Recensione di “Iron Flowers” di Tracy Banghart

“Iron Flowers” è un romanzo distopico Young Adult del 2018, scritto da Tracy Banghart e pubblicato dalla casa editrice DEA Planeta. Il seguito, “Iron Flowers-Regina di Cenere”, dovrebbe uscire a metà Settembre 2019.

La storia è ambientata nel regno distopico di Viridia, dove le donne sono confinate a ruoli marginali e non possono fare praticamente nulla, certamente non imparare a leggere o studiare. Le leggi così rigide per il genere femminile impongono loro di dedicarsi a lavori umili, alla famiglia oppure di diventare delle Grazie, il ruolo più ambito e desiderato dalle giovani ragazze. Una Grazia è una dama del sovrano, il quale ne sceglie tre ogni tre anni, e le porta a vivere a palazzo; più che una moglie si tratta di una vera e propria concubina/geisha, ma che comunque rimane un ruolo assai desiderabile per la ragazza e per la propria famiglia.

Serina e Nomi, le due sorelle protagoniste, vengono proprio introdotte in questo modo. La prima è una ragazza molto bella e perfettamente inserita in questo scenario di sottomissione: ha studiato da sempre per diventare una Grazia, sa come comportarsi ed è desiderosa di poter garantire alla propria famiglia condizioni migliori di vita. Per questo, infatti, viene scelta per rappresentare il suo villaggio, Lanos, alla capitale e concorrere per essere scelta dall’Erede, Malachi, come nuova Grazia.

Nomi, invece, non potrebbe essere più diversa. Ribelle, arrabbiata profondamente per le ingiustizie che le donne devono subire, è stata educata per essere l’ancella della sorella, che comunque cerca di dissuadere dal voler diventare una Grazie, anche se questo migliorerebbe notevolmente la vita di entrambe. Oltretutto, aiutata dal fratello, Nomi impara segretamente a leggere.

Tutto cambia quando le due ragazze arrivano a palazzo e incontrano l’Erede, Malachi, in compagnia del fratello minore, Asa: Nomi si dimostra sgarbata con l’Erede, ma inaspettatamente viene scelta lei come Grazia. Le cose per Serina si complicano notevolmente quando la sorella sottrae un libro dalla biblioteca, per il cui furto e lettura lei finisce per prendersi la colpa. In questo modo Serina, la più tranquilla e delicata delle due, viene mandata in una prigione sull’isola di Monte Rovina, mentre la ragazza più ribelle e arrabbiata resta a palazzo.

Era da qualche mese che giravo intorno a questo romanzo, ma, vista la tematica, ero recalcitrante: temevo fosse l’ennesimo romanzo che usa la scusa di una distopia per narrare violenze e abusi sulle donne, invece mi sbagliavo. Il romanzo, oltre ad essere avvincente e appassionante, affronta tutta la tematica con grande sensibilità, in particolare la questione della solidarietà femminile. Nonostante tutto il romanzo sia incentrato sul concetto di rivalità imposta dal patriarcato, l’elemento che spicca maggiormente nei personaggi è la volontà di collaborare ed aiutarsi per riuscire a sopravvivere.
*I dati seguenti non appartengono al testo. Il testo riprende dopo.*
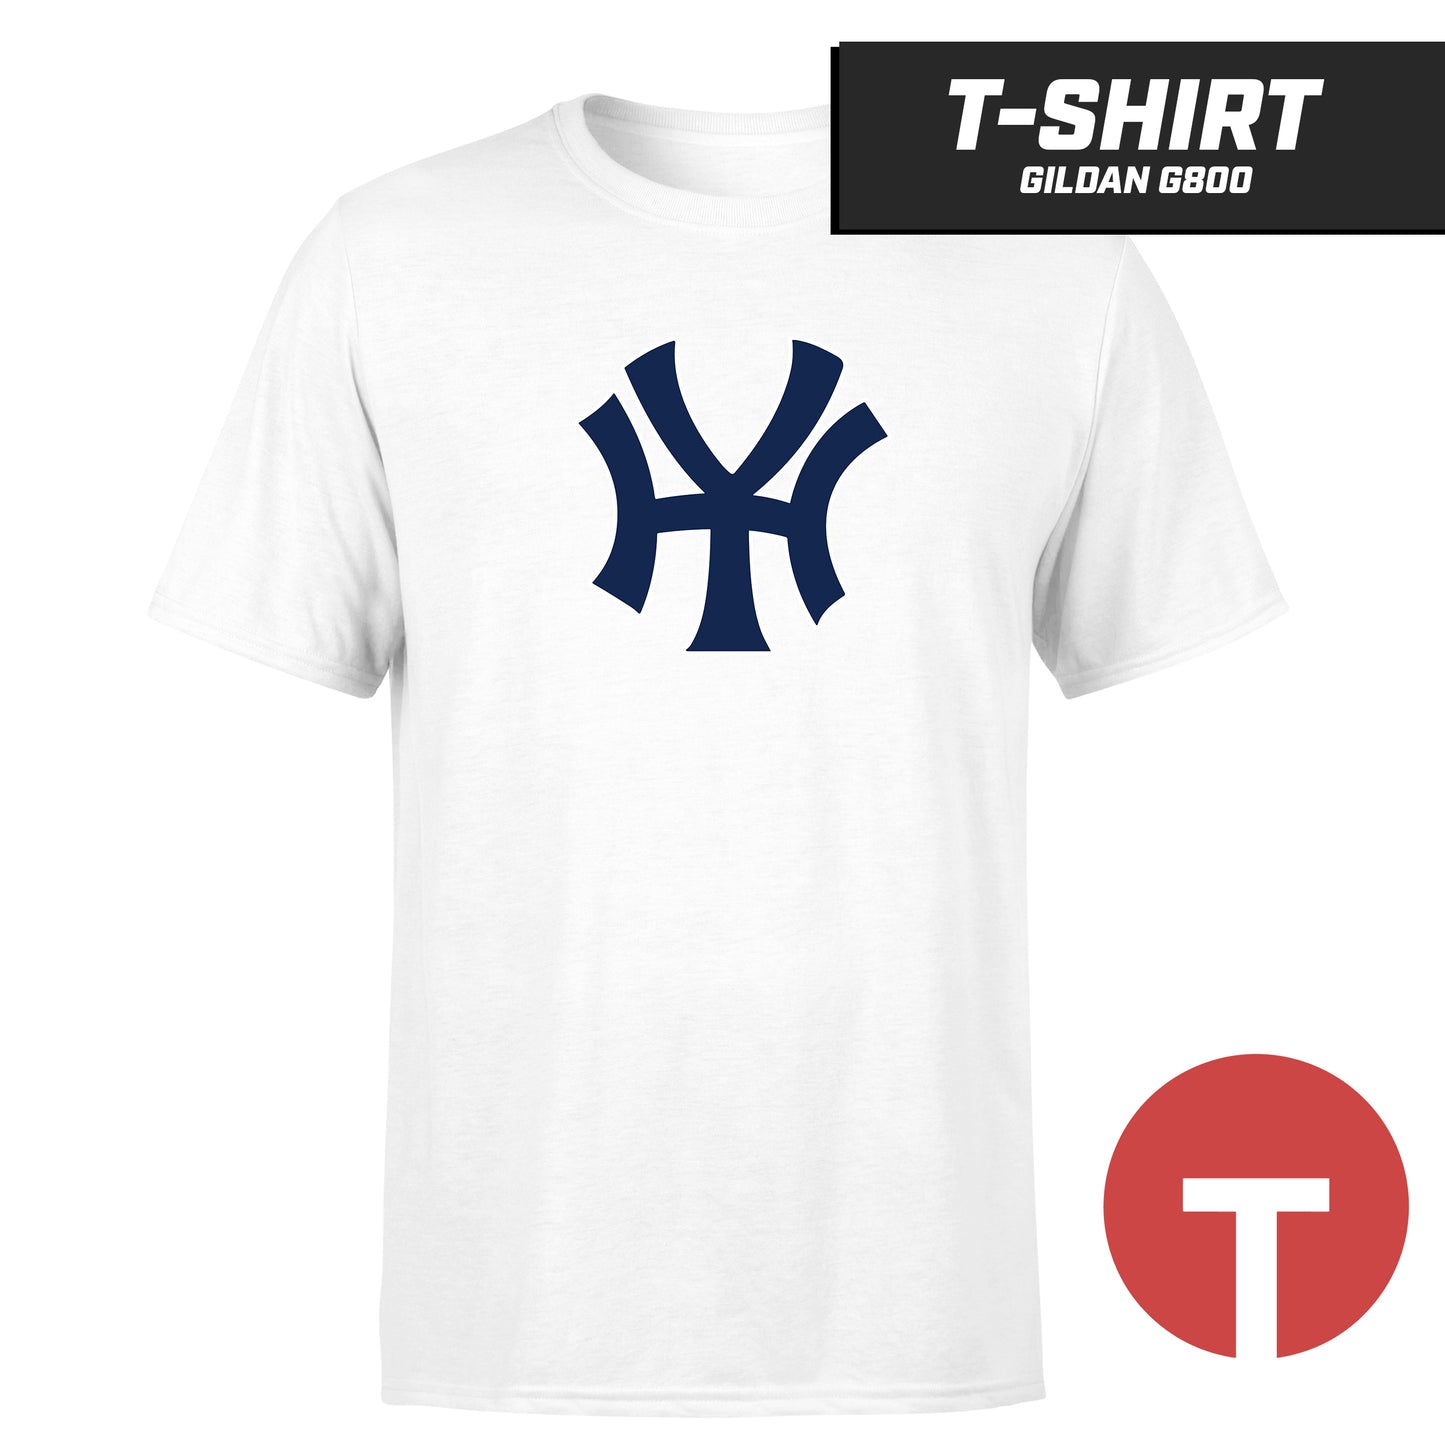 Hammond Yankees - T-Shirt Gildan G800

Un aspetto che mi ha colpito in positivo è stato che non vi è mai una contrapposizione negativa tra le due protagoniste, che rappresentano modelli di femminilità agli antipodi. Nei libri spesso c’è l’esaltazione della ragazza-ribelle-che-non-è-come-le-altre, a discapito di quella più remissiva e sottomessa; qui invece entrambe sono trattate in modo maturo, con pregi e difetti. Serina ne esce come un personaggio completo, con cui è facile identificarsi e parteggiare, anche se Nomi rappresenta molto di più la mentalità moderna; ho trovato questo elemento originale e piacevole, forse l’aspetto che più mi è piaciuto.

I due scenari in cui avvengono le narrazioni sono un altro elemento da lodare: sebbene siano molto diversi (uno è un palazzo ricco e sfarzoso, l’altro una prigione sporca e senza cibo su un’isola dimenticata), sono ricchi di analogie, che diventano sempre più evidenti man mano che la storia va avanti. Le dinamiche, il senso di paura crescente e di precarietà si sviluppa in maniera similare in luoghi in apparenza così diversi: questo rende la narrazione priva di punti morti e contribuisce a rendere il ritmo più incalzante.
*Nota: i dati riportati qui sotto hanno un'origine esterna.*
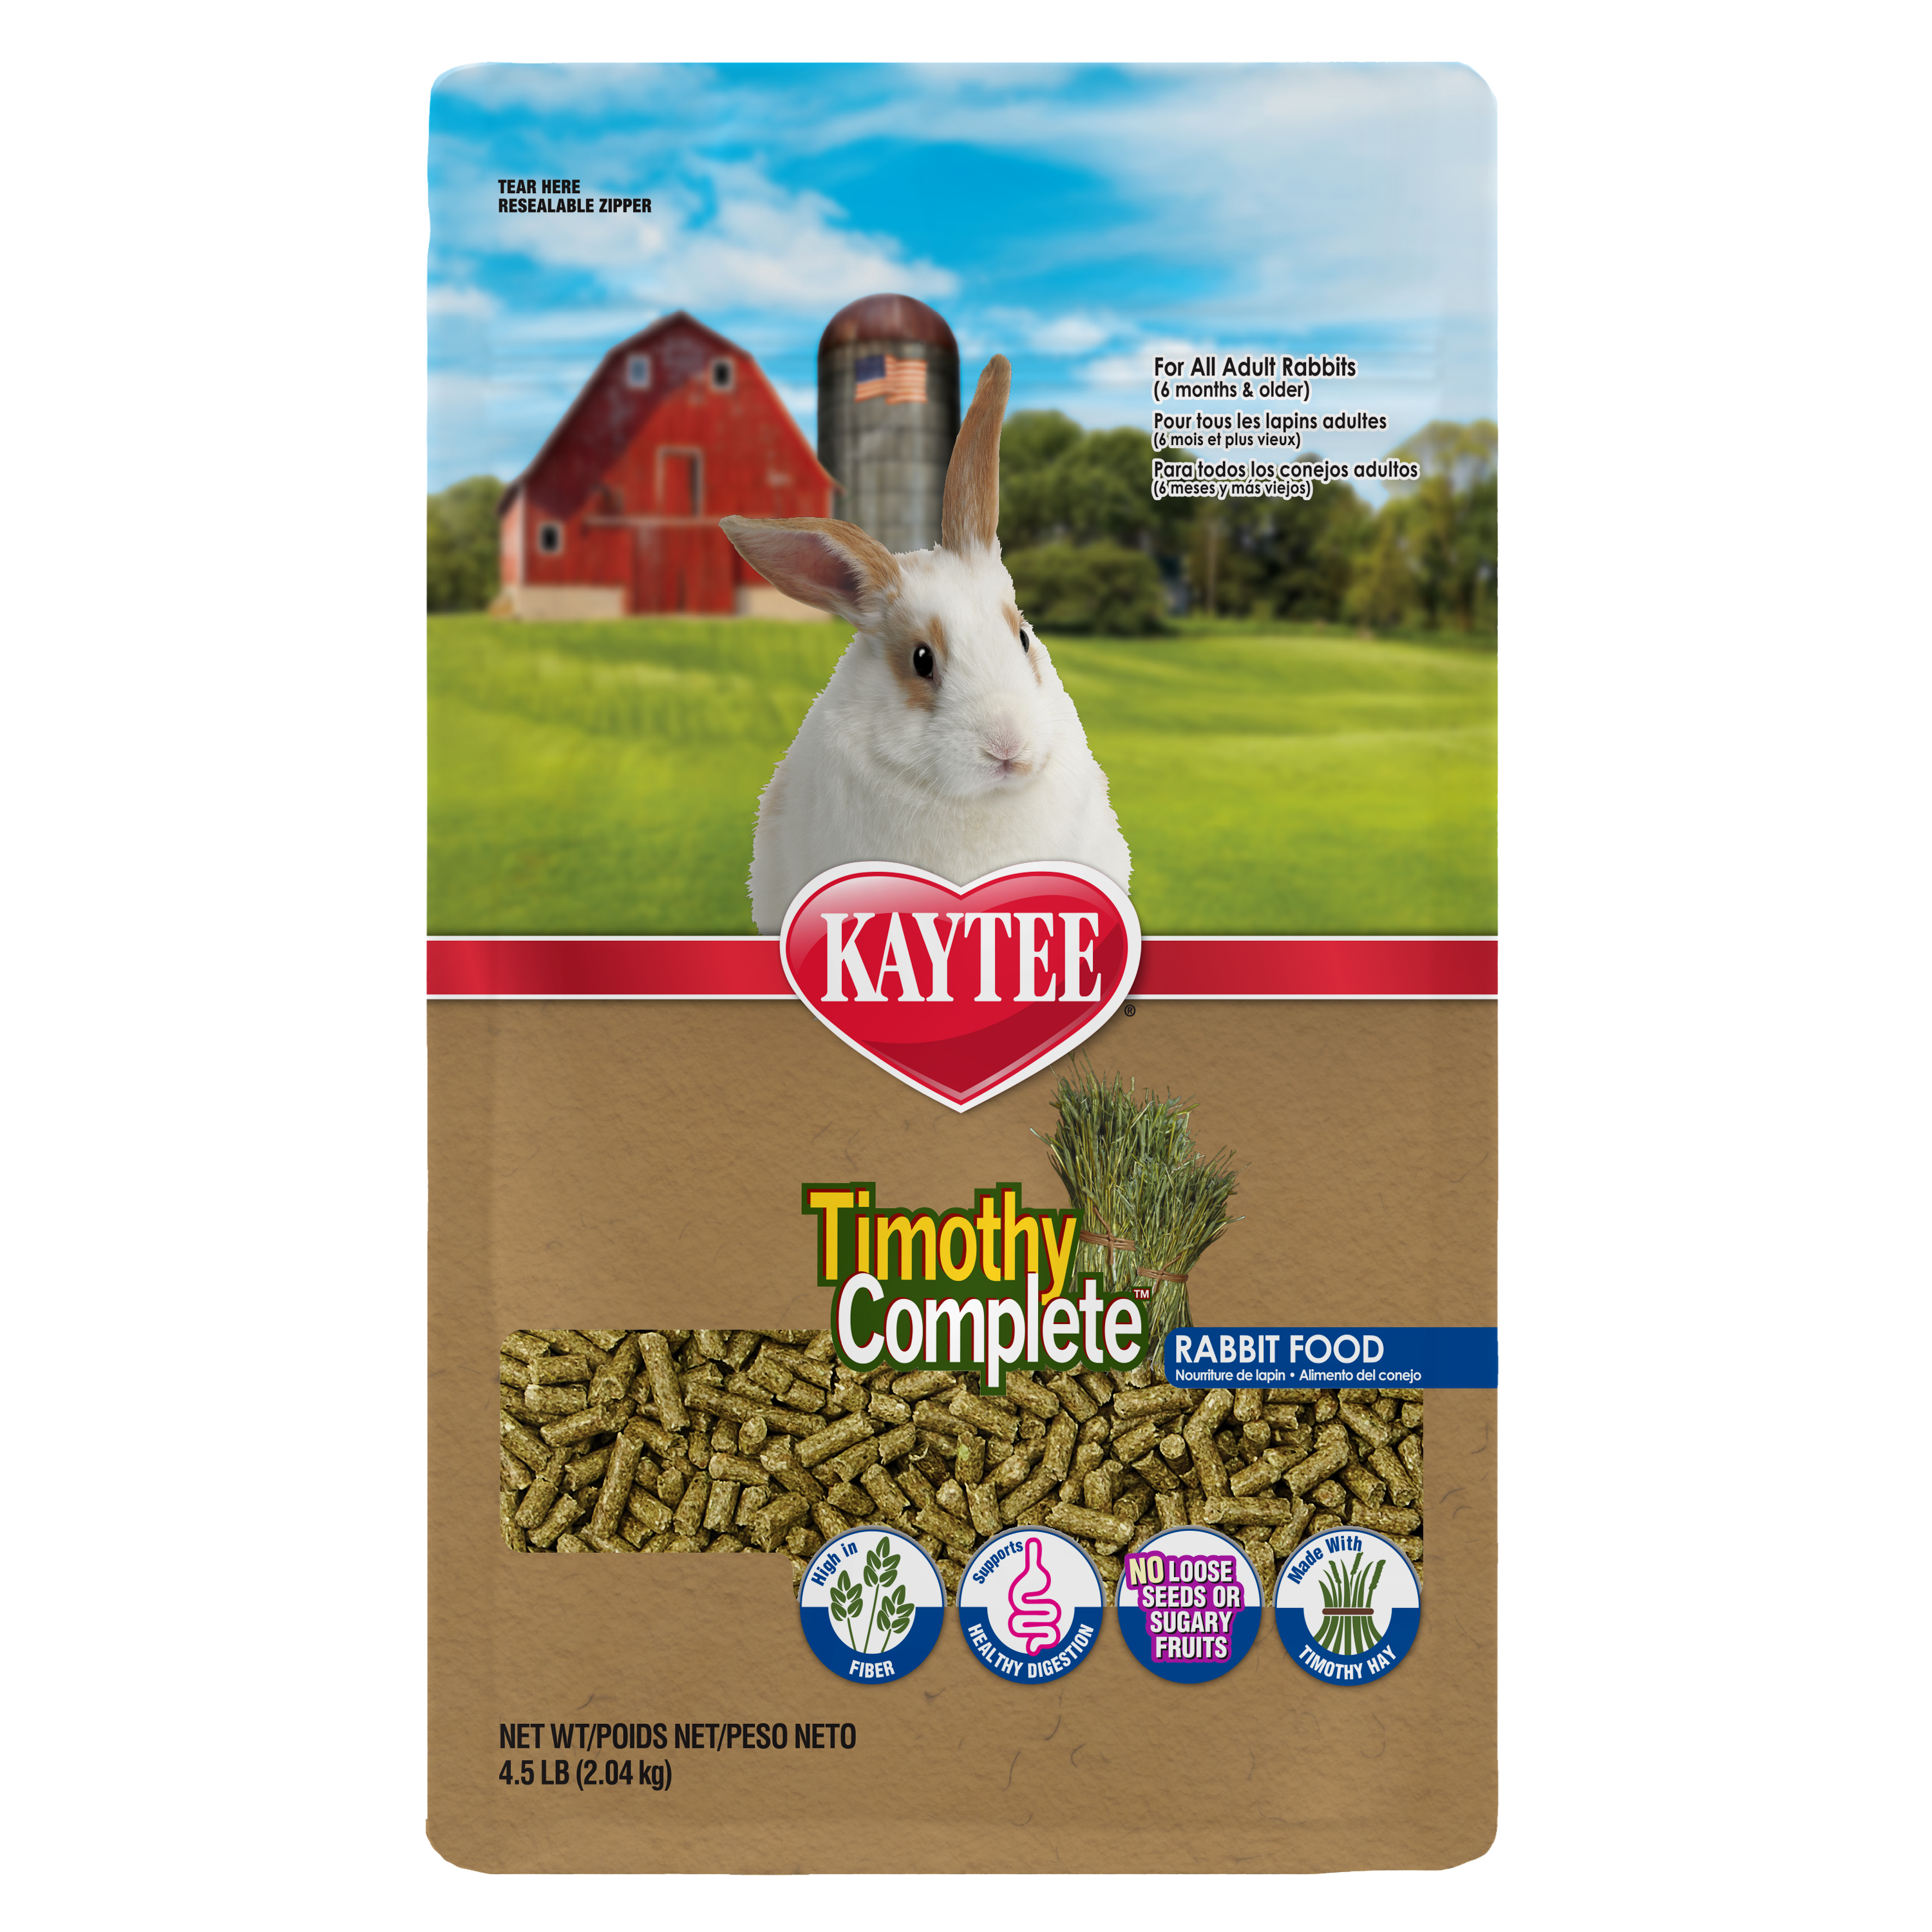 Kaytee Premium Alfalfa Free Timothy Fiber Diet for Rabbits

Nonostante sia un libro a maggioranza femminile, devo dire che ho apprezzato molto anche i personaggi maschili: i due principi sono quelli più descritti e approfonditi, ma anche i soldati dell’isola riservano molte sorprese.

In conclusione, il romanzo mi è piaciuto moltissimo e lo consiglio praticamente a tutti quanti: è un libro molto girl-power e con dinamiche interessanti e avvincenti. Assolutamente da leggere!